**WHAT YOU NEED TO DO**. Each line starting at the one that contains "Where the Lives" and ending at the one that contains "Butterick Sewing Pattern" must be returned exactly, and the rest of the listing is left out.

**DATA**.
------------------------------------------------------------

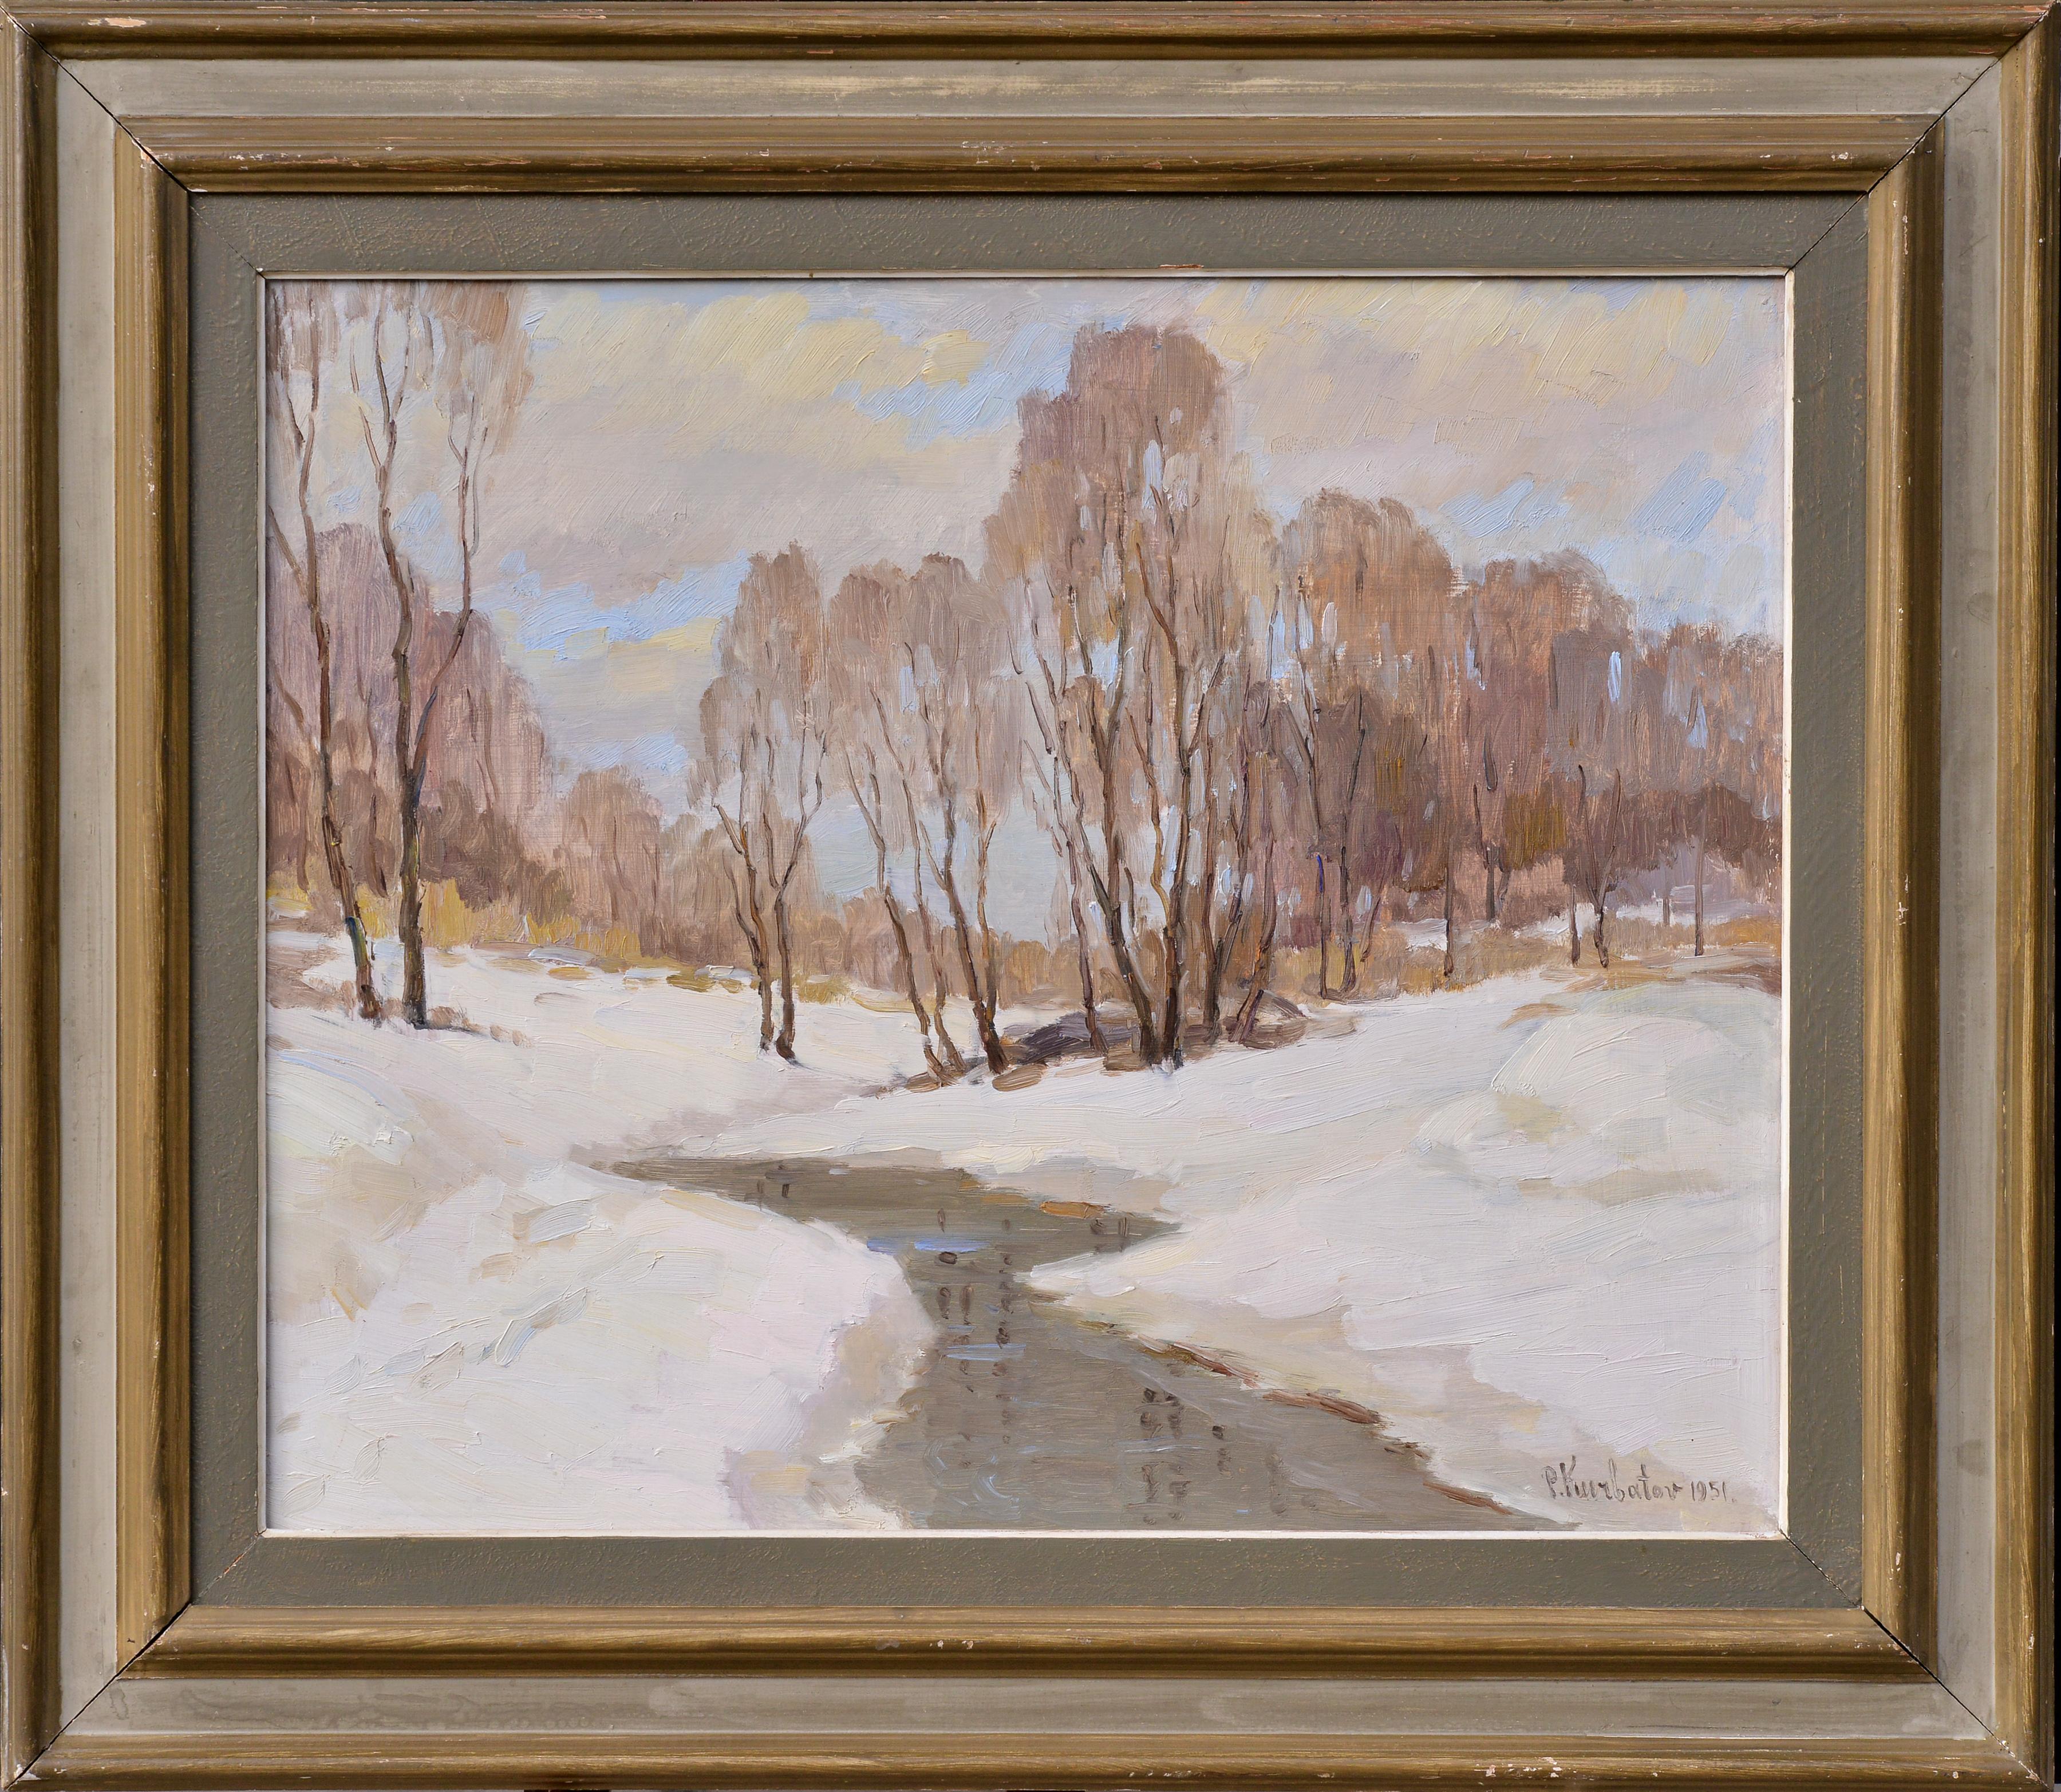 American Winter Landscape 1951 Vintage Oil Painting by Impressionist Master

------------------------------------------------------------

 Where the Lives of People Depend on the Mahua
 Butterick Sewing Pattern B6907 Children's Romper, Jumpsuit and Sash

------------------------------------------------------------

**ANSWER TO THIS PROBLEM**.
 Where the Lives of People Depend on the Mahua
 Butterick Sewing Pattern B6907 Children's Romper, Jumpsuit and Sash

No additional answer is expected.